After SFT, Huffman encoding remained at 0%, while decoding increased to 50%—suggesting the trace-derived reasoning chain only learned "surface decoding templates" without internalizing the bijective state transition structure.

Key Findings¶

The Huffman Paradox: All models failed Huffman encoding (0%) while some succeeded at decoding (7-11%). Decoding only requires traversal (local lookup) on a given tree, whereas encoding requires global multi-stage reasoning (frequency calculation + tree construction).
Self-reflection Saturation: Critique-revision loops saturate after the first turn. While a single round can fix shallow reasoning errors, systematic state-tracking failures are not self-correctable.
SFT Bias (Forward vs. Inverse): On AE, forward performance reached 78.6% while inverse performance reached only 23–30%, suggesting LoRA adapters overfit to the surface form of traces rather than learning bijective invariants.
Tokenization is not the Bottleneck: Comparison between QwQ and Qwen2.5-Coder shows massive performance gaps despite using the same tokenizer, indicating that training objectives (reasoning vs. code) are the primary drivers.
ES > 0 with EM = 0: The prevalence of outputs that appear correct but lack precision confirms that RTCE's strict EM requirement exposes fragility missed by other benchmarks.

Highlights & Insights¶

Operationalizing "Understanding" as "Invertibility": Utilizing bijections transforms abstract understanding into a quantifiable exact-match signal. This methodology is extensible to any task with a natural inverse (e.g., encryption↔decryption, serialization↔deserialization).
Diagnostic Evaluation Triad: Testing via zero-shot, self-reflection, and SFT simultaneously reinforces the conclusion that Transformers have fundamental defects in bijective state tracking.
Huffman Paradox as a Gap Benchmark: The stark asymmetry between encoding (0%) and decoding (11%) identifies "multi-stage global state construction" as a specific objective for future code-LLM development.
Synthetic yet Realistic: The four data families simulate real-world developer artifacts to avoid data contamination from GitHub.

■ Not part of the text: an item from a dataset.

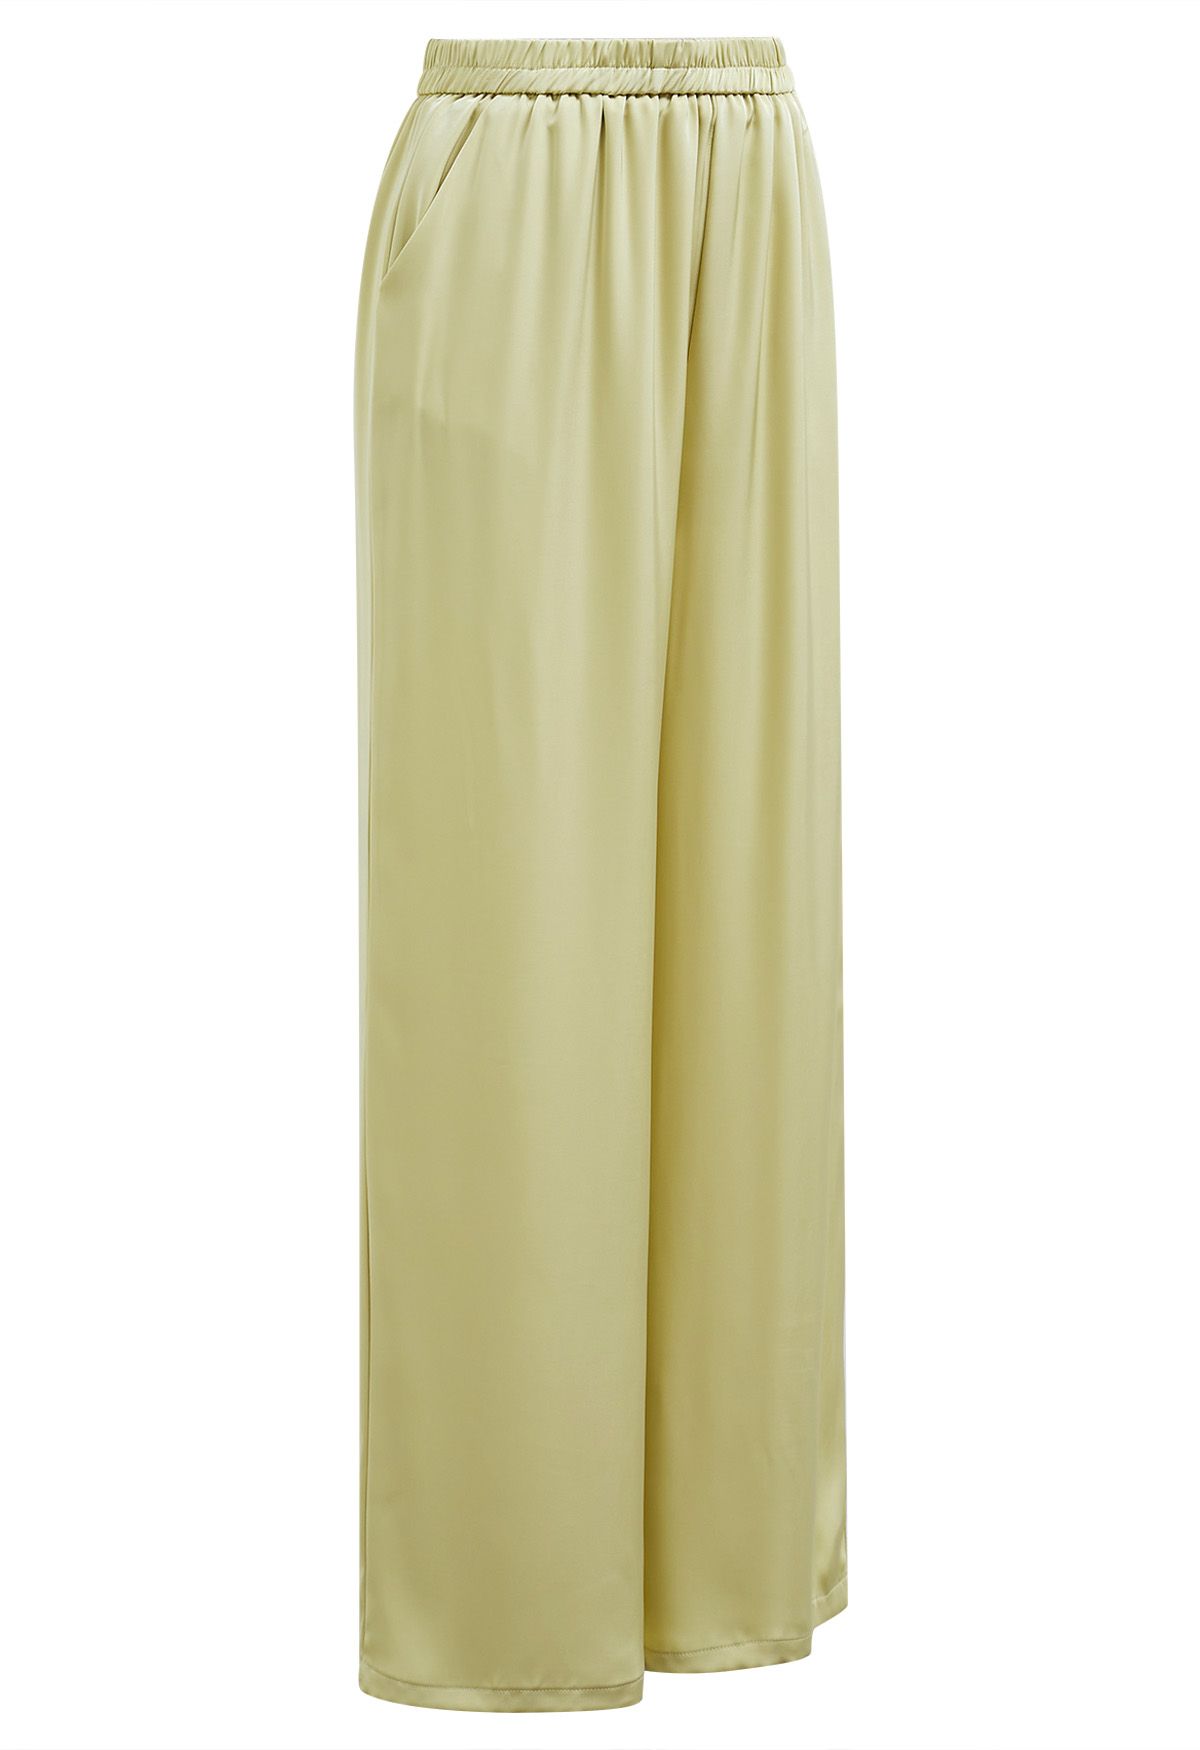 Satin Finish Pull-On Pants in Lime

Limitations & Future Work¶

Restricted to Python; extension to other languages is planned.
The sample size (1000) and algorithm count (4) limit the statistical stability of fine-grained per-category analysis.
Execution-free evaluation cannot account for runtime phenomena like side-effects or exceptions.
Primary focus on open-source models; the generalizability of these findings to top-tier closed-source models (GPT-4, Claude) remains an open question.
Personal Insight: Bijection is only one dimension of code understanding; other forms of invertibility like de-compilation or symbolic execution remain uncovered.

vs. IdentityChain (Min 2024): Evaluates spec↔code consistency based on semantic equivalence, whereas Ours requires much stricter exact bijections.
vs. RTC (Allamanis 2024): Performs code↔NL description round-trips at a semantic level; Ours operates at a bit-precise data level.
vs. CodeIO/CRUXEval: These score forward and backward directions independently; Ours emphasizes that both directions must be self-consistent.
vs. CodeMind/REVAL/CACP: These rely on complex trace or concept-level annotations; Ours automatically scores via round-trip EM without additional labels.

Rating¶

Novelty: ⭐⭐⭐⭐⭐ Introducing round-trip bijections to code reasoning and operationalizing invertibility is a truly fresh perspective.
Experimental Thoroughness: ⭐⭐⭐⭐ Extensive testing across 15 models and 3 paradigms, though closed-source models are absent.
Writing Quality: ⭐⭐⭐⭐ Clear mathematical definitions and well-articulated task distinctions.
Value: ⭐⭐⭐⭐⭐ Exposing the systematic failure of Transformers in stateful bijections provides a clear target for the code reasoning community.